DEA Whistleblower: Opioid Crisis Fueled by Congress and Drug Companies for Profit

by | Oct 18, 2017

This article originally appeared at Anti-Media. 


Following the publication of a pair of reports that shed light on the role Donald Trump’s pick for drug czar, Representative Tom Marino, played in fuelling the opioid crisis, Marino withdrew his name from consideration on Tuesday.

Over the weekend, The Washington Post and CBS’s 60 Minutes published the findings of their joint investigation into the root causes of an American opioid epidemic that has claimed 200,000 lives over the last two decades.

What the outlets concluded is that distributors — the companies that ship the pills to clinics and pharmacies — work hand in hand with Congress and industry lobbyists. As 60 Minutes wrote, they are “providing the rocket fuel” for a crisis that has no end in sight.

Whistleblower Joe Rannazzisi, who used to run the Drug Enforcement Administration’s (DEA) Office of Diversion Control, the unit that oversees the pharmaceutical industry, says the distributors are simply out to make money and ignore regulations designed to prevent what the DEA terms “suspicious orders” from being shipped out.

“This is an industry that allowed millions and millions of drugs to go into bad pharmacies and doctors’ offices, that distributed them out to people who had no legitimate need for those drugs,” Rannazzisi told 60 Minutes interviewer Bill Whitaker.

“You know the implication of what you’re saying,” Whitaker said to Rannazzisi, “that these big companies knew that they were pumping drugs into American communities that were killing people.”
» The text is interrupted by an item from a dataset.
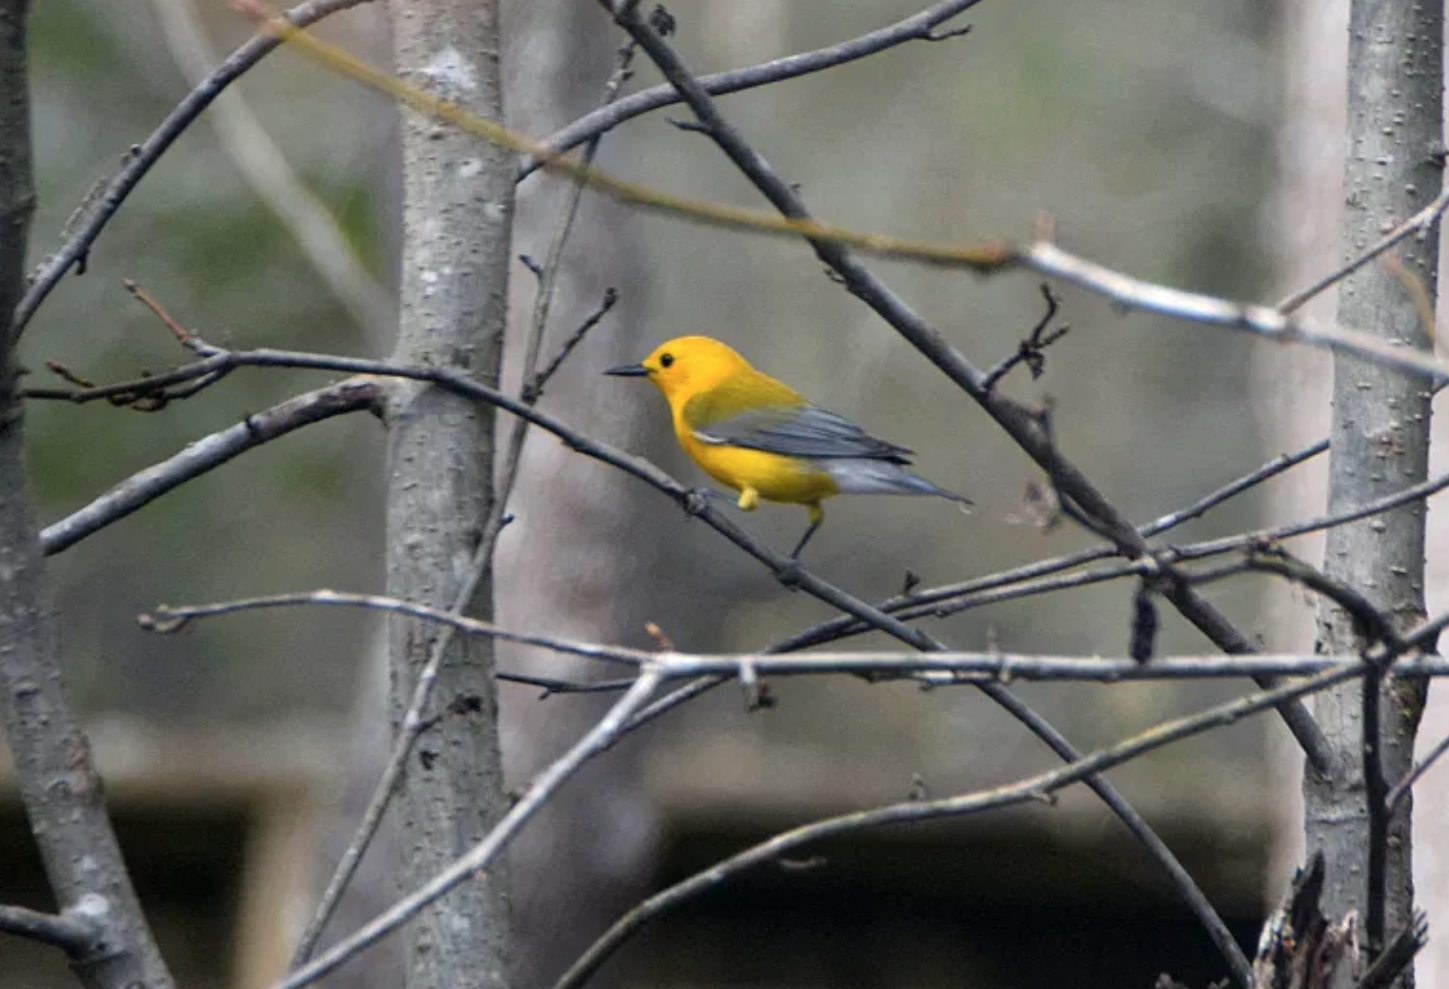 Interesting bird life is common along the river. This is a Prothonotary Warbler.
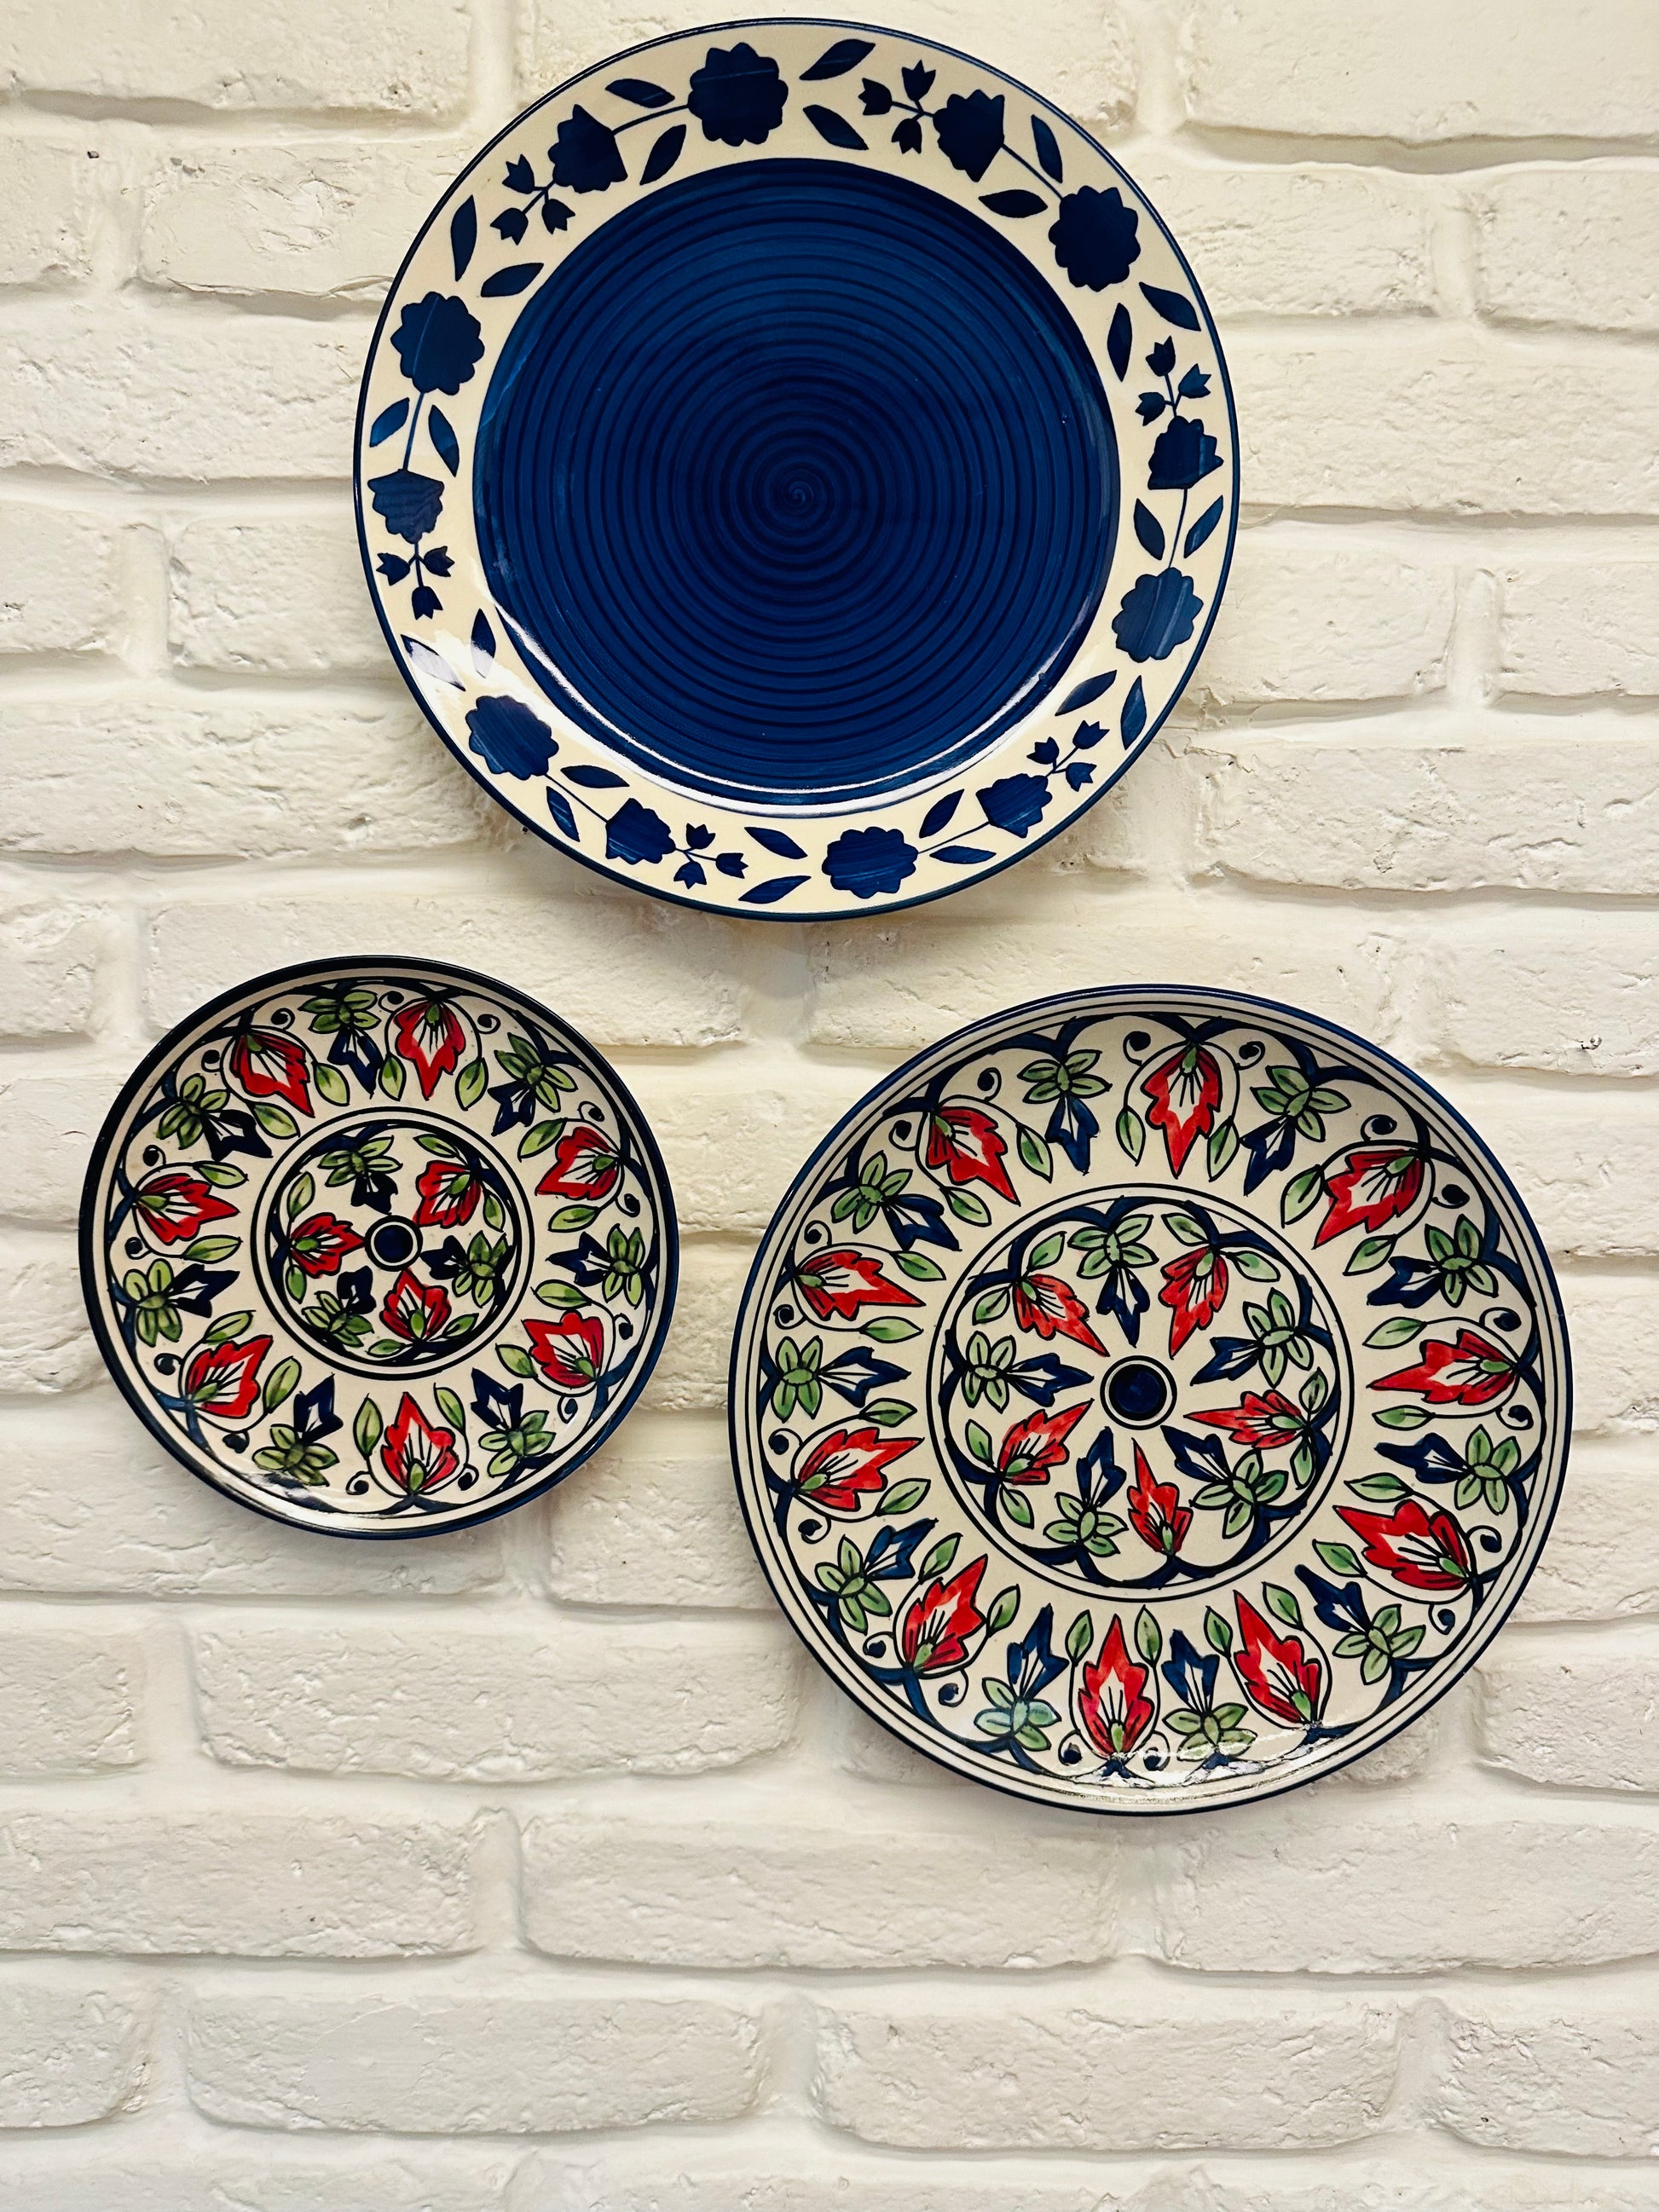  Artisanal Wall Plate Collection, Bedroom Wall Plate Ensemble, Classical Appeal Wall Décor, Classical Indian Wall Décor, Designer Wall Plate Set, Hand Painted Artisanal Plates, Handcrafted Home Accents, Handcrafted Indian Artisans, Iris Hand Painted Wall Plates, Small Batch High-Quality Décor, Unique Handcrafted Wall Plates, Unique Living Room Décor, Vibrant Iris Wall Art, Vibrant Wall Accent Pieces, Wall Hanging Hook Included, tesu

The whistleblower responded: “That’s not an implication, that’s a fact. That’s exactly what they did.”

Rannazzisi claims the biggest blow to the DEA’s efforts to combat the opioid crisis came in 2016, when a law that essentially defanged the agency breezed through Congress and was signed into law by President Barack Obama. That law significantly lessened investigators’ ability to freeze drug shipments they deemed suspicious.

A main sponsor of that bill was Representative Marino, who until Tuesday was in line to become Trump’s director of National Drug Control Policy—a position commonly referred to as “drug czar.” It was reported that Trump felt immediate pressure to drop Marino following the weekend’s dual publications.

It was also reported this week that President Trump — again, directly following the investigation by The Post and 60 Minutes — will soon declare the opioid crisis a national emergency, giving the federal government additional authority to combat the epidemic.